- Born: January 1908 Barros, Asturias
- Died: 8 May 1938 (aged 30) Oviedo, Asturias
- Allegiance: CNT
- Service: Confederal militias (1936–1937), Spanish Republican Army (1937–1938)
- Service years: 1936–1938
- Unit: CNT nº5 (1936–1937), 192nd Mixed Brigade (1937–1938)
- Conflicts: Spanish Civil War: Siege of Gijón; Siege of Oviedo; Battle of El Mazuco;
- Awards: Medal of Freedom

= Higinio Carrocera Mortera =

Spanish writer, historian and politician (1908–1938)

Higinio Carrocera Mortera (January 1908 – 8 May 1938) was an Asturian anarcho-syndicalist who participated in the Revolution of 1934 and fought during the Spanish Civil War in Asturias.

== Biography ==
=== Youth ===
The son of a working-class couple, during his childhood he helped his family with agricultural tasks while attending the village primary school. A metalworker by profession, began working for the company Duro Felguera and at an early age he joined the CNT, the majority union among the metallurgists of La Felguera.
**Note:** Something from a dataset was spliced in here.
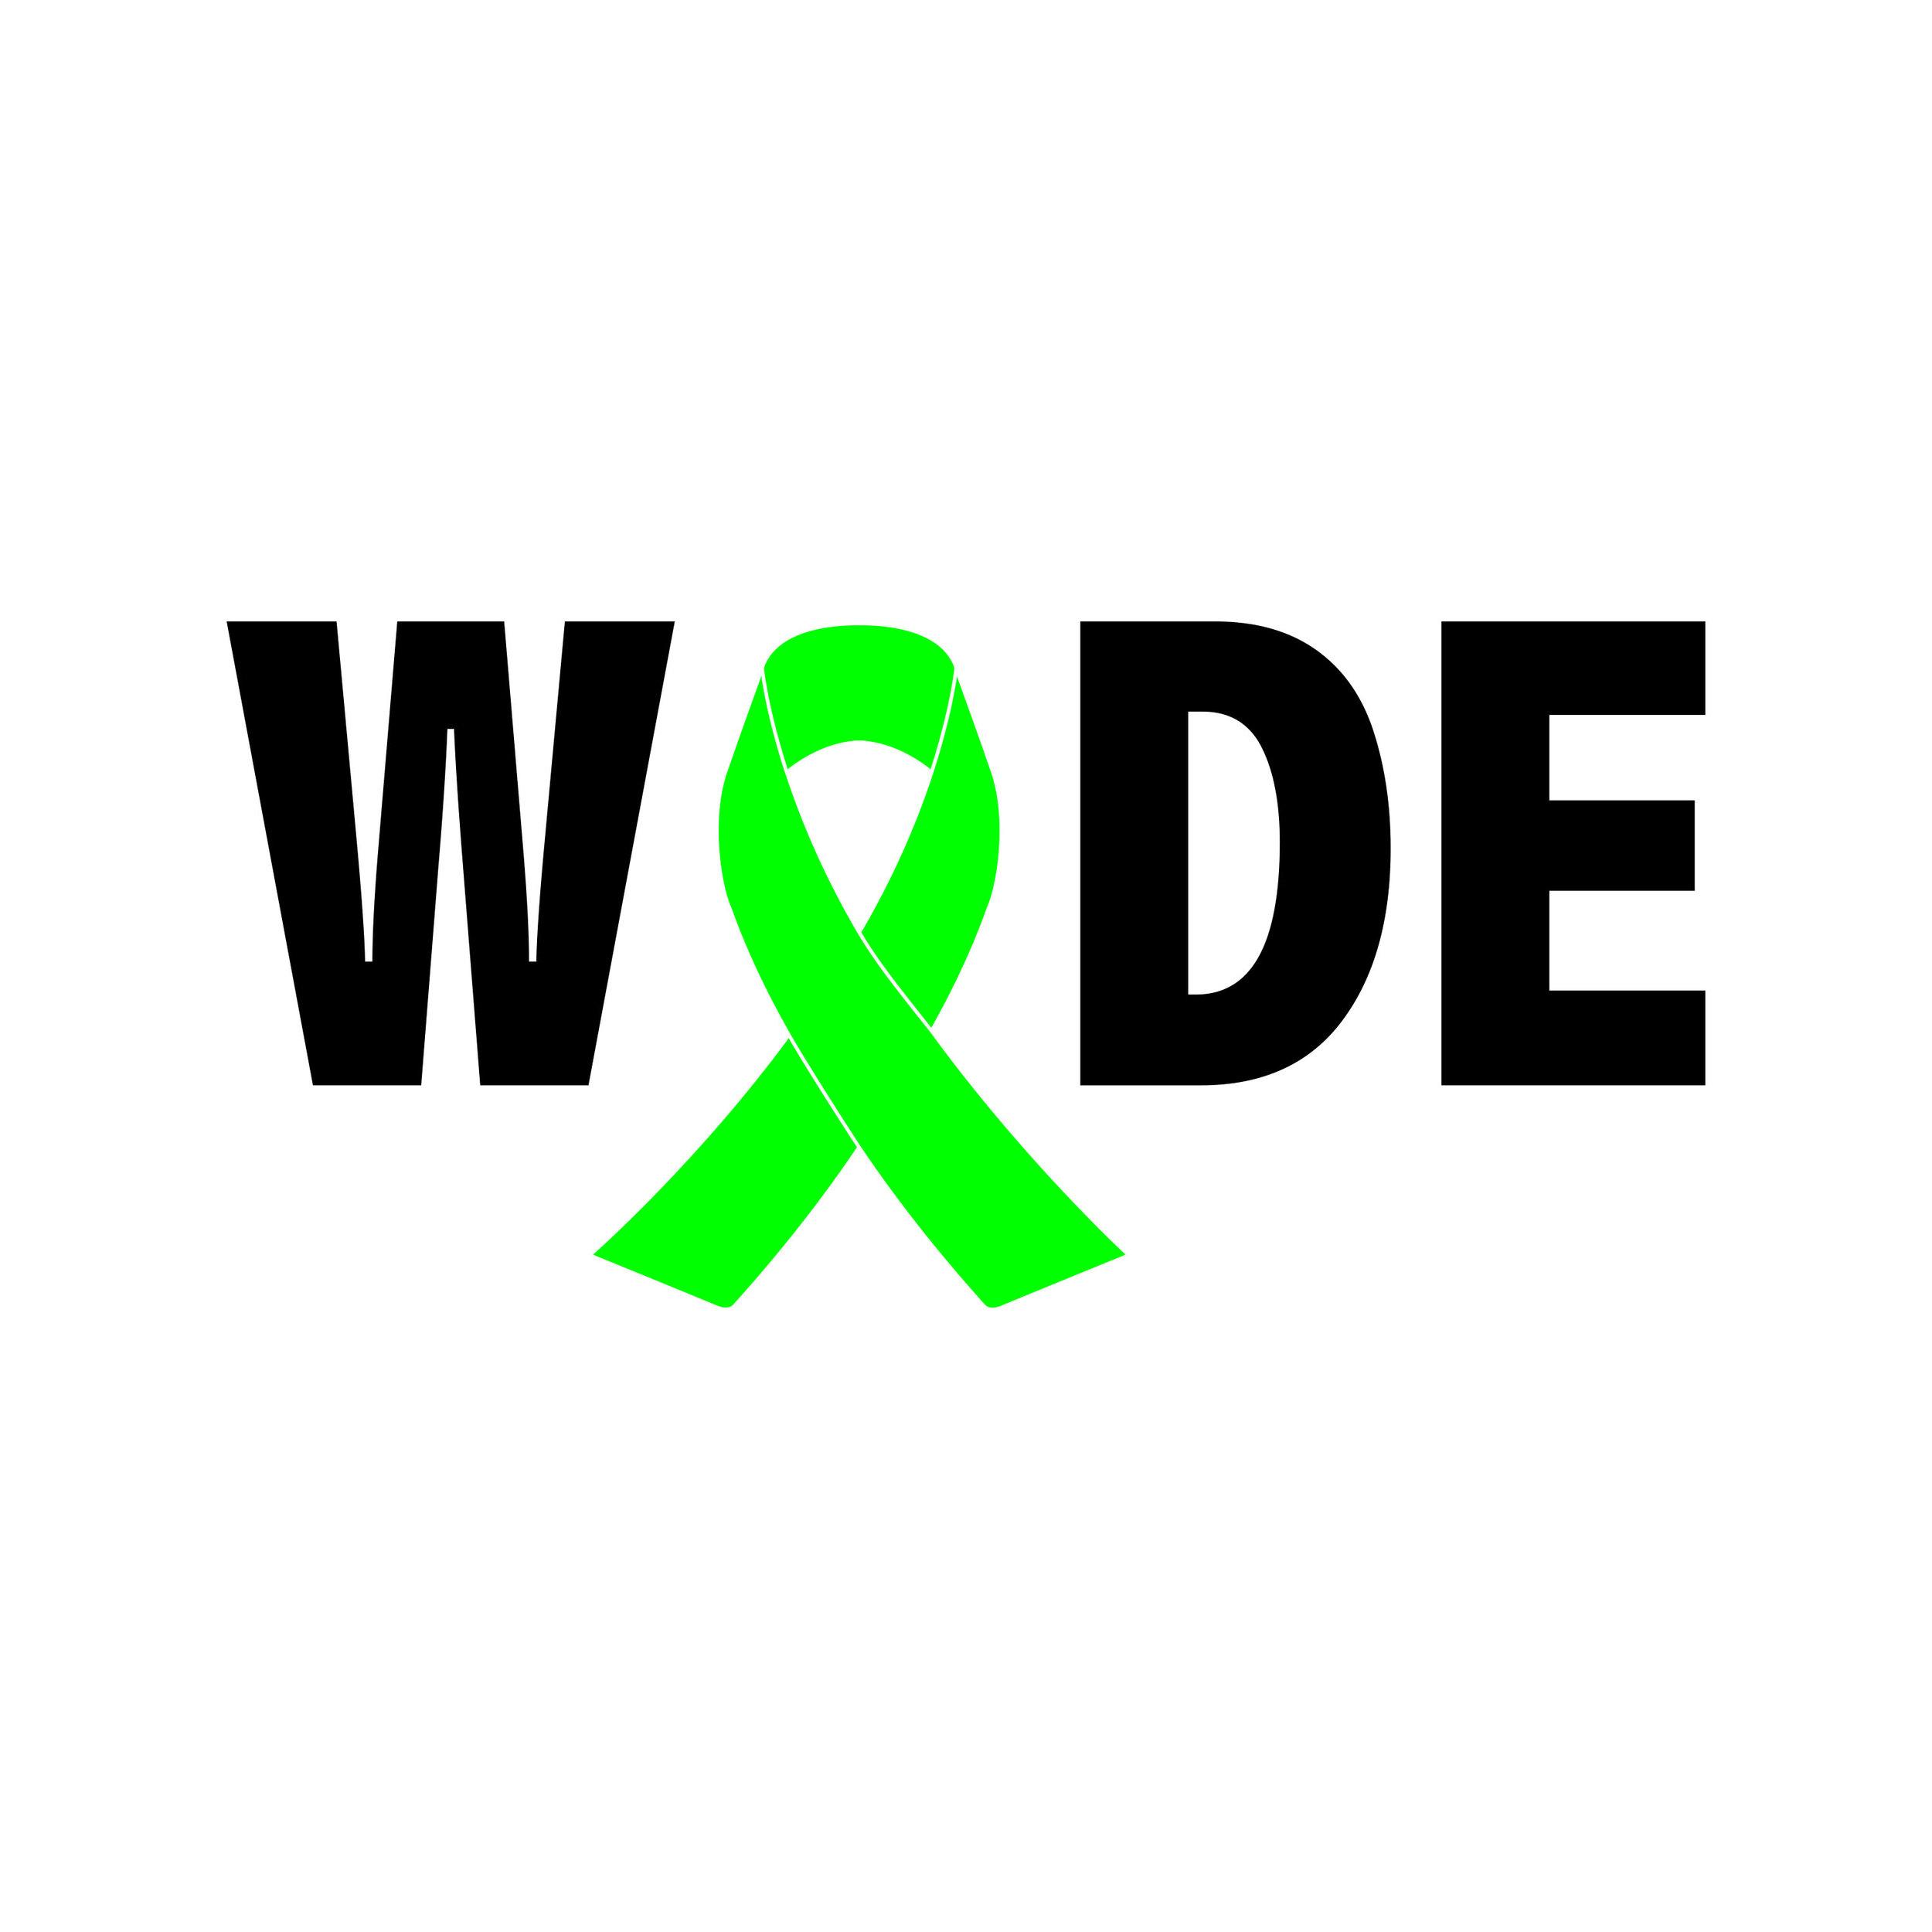 12_WODE_FIGHTS_CANCER_02-3.jpg

He actively participated in the Revolution of 1934, in which he directed a column that arrived from La Felguera in Oviedo on 6 October. With the defeat of the Revolution, he was able to escape, but was arrested in Zaragoza on 7 August 1935, together with Constantino Antuña Huerta and taken to the Oviedo Prison. After the victory of the Popular Front in the 1936 Spanish general election, he participated in a prisoner mutiny that obtained their freedom on 20 February, one day before the amnesty was promulgated.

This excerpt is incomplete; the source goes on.